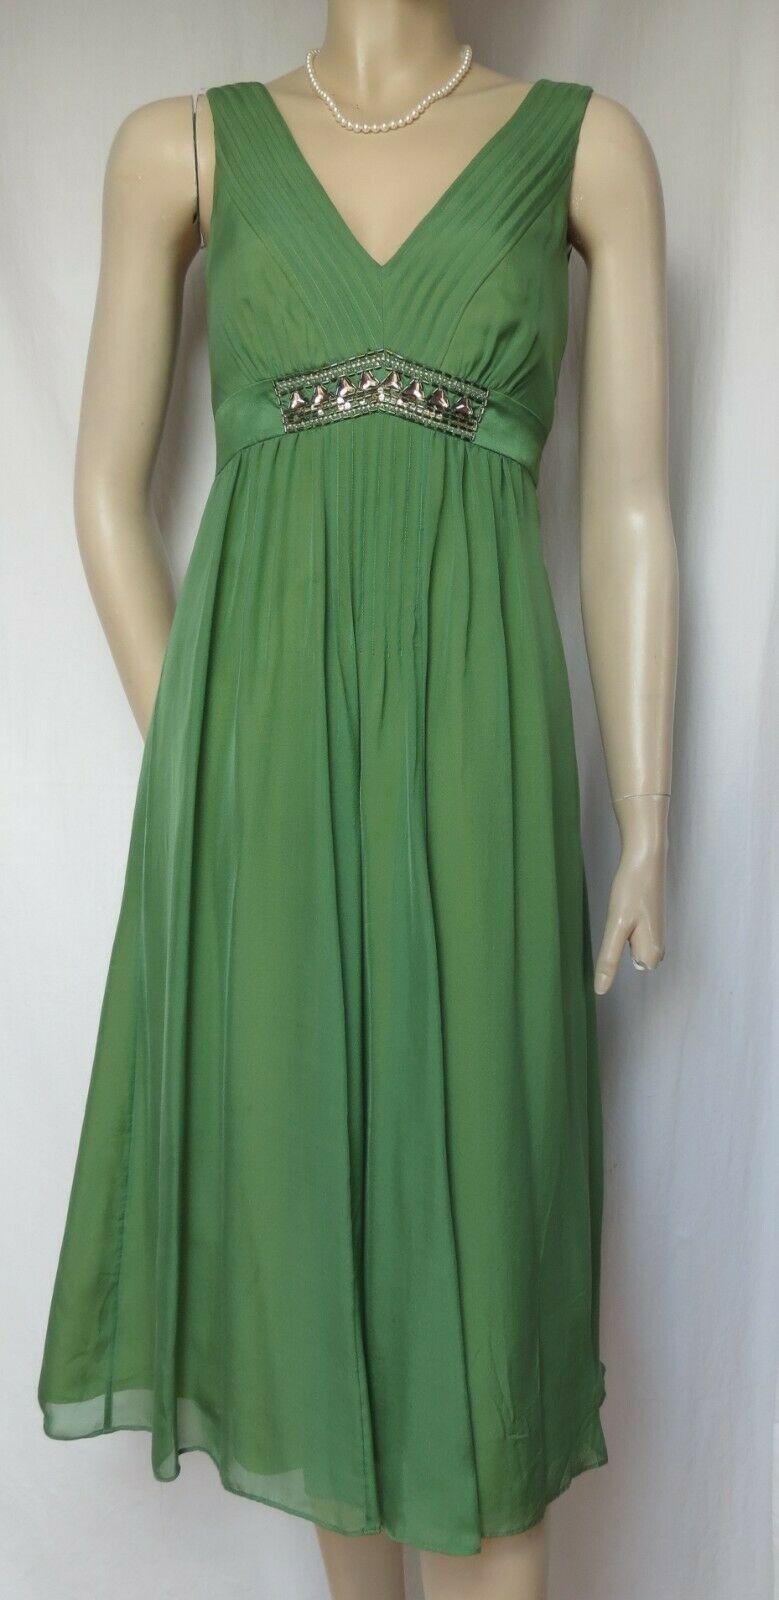 Seidenkleid 19 grün Hochzeit Seide Cocktailkleid Perlen Pailletten
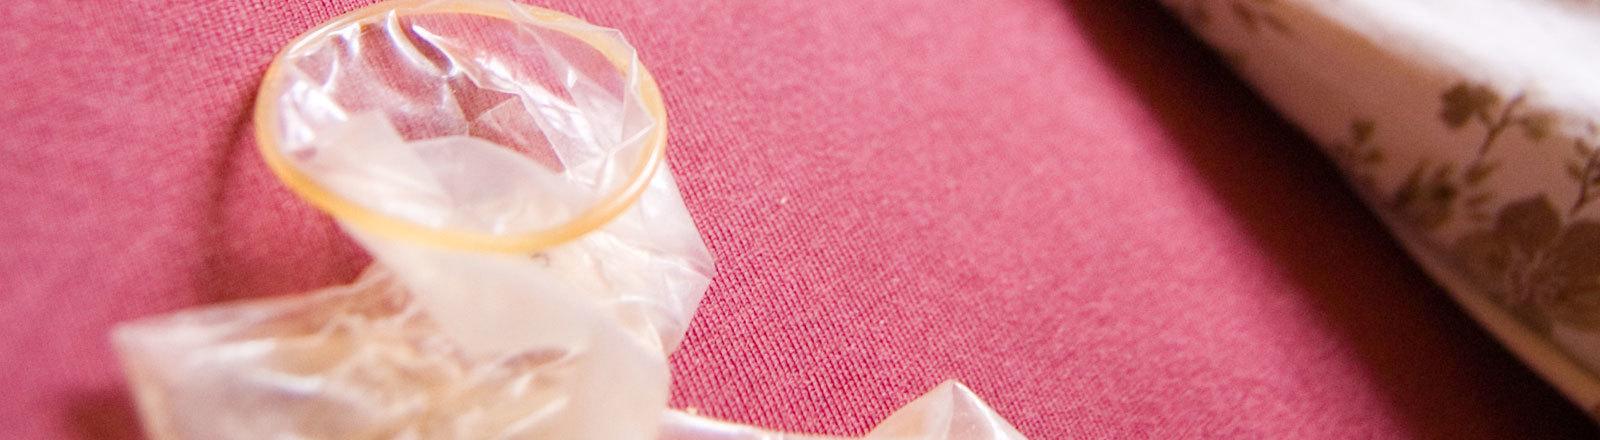 Ein leeres Kondom liegt neben einem Bett
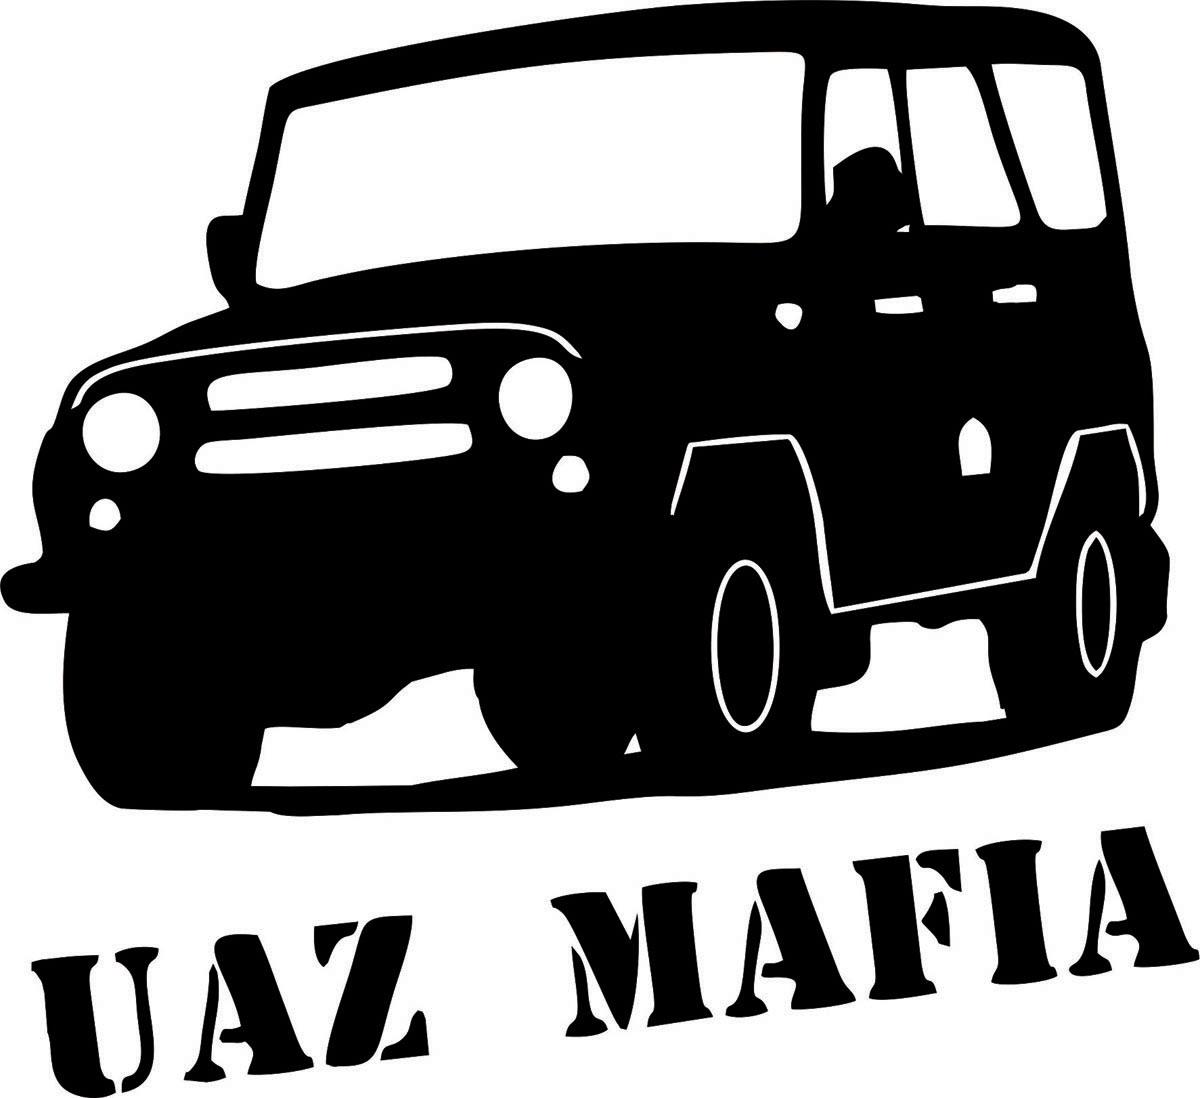 Наклейка автомобильная Оранжевый слоник UAZ Mafia 2, виниловая, цвет: черный1504400016BОригинальная наклейка Оранжевый слоник UAZ Mafia 2 изготовлена из высококачественной виниловой пленки, которая выполняет не только декоративную функцию, но и защищает кузов автомобиля от небольших механических повреждений, либо скрывает уже существующие.Виниловые наклейки на автомобиль - это не только красиво, но еще и быстро! Всего за несколько минут вы можете полностью преобразить свой автомобиль, сделать его ярким, необычным, особенным и неповторимым!

■ What the task asks
Repeat the material above word for word; no images go in the copy.

■ Result
 Seidenkleid 19 grün Hochzeit Seide Cocktailkleid Perlen Pailletten
 Ein leeres Kondom liegt neben einem Bett
 Наклейка автомобильная Оранжевый слоник UAZ Mafia 2, виниловая, цвет: черный1504400016BОригинальная наклейка Оранжевый слоник UAZ Mafia 2 изготовлена из высококачественной виниловой пленки, которая выполняет не только декоративную функцию, но и защищает кузов автомобиля от небольших механических повреждений, либо скрывает уже существующие.Виниловые наклейки на автомобиль - это не только красиво, но еще и быстро! Всего за несколько минут вы можете полностью преобразить свой автомобиль, сделать его ярким, необычным, особенным и неповторимым!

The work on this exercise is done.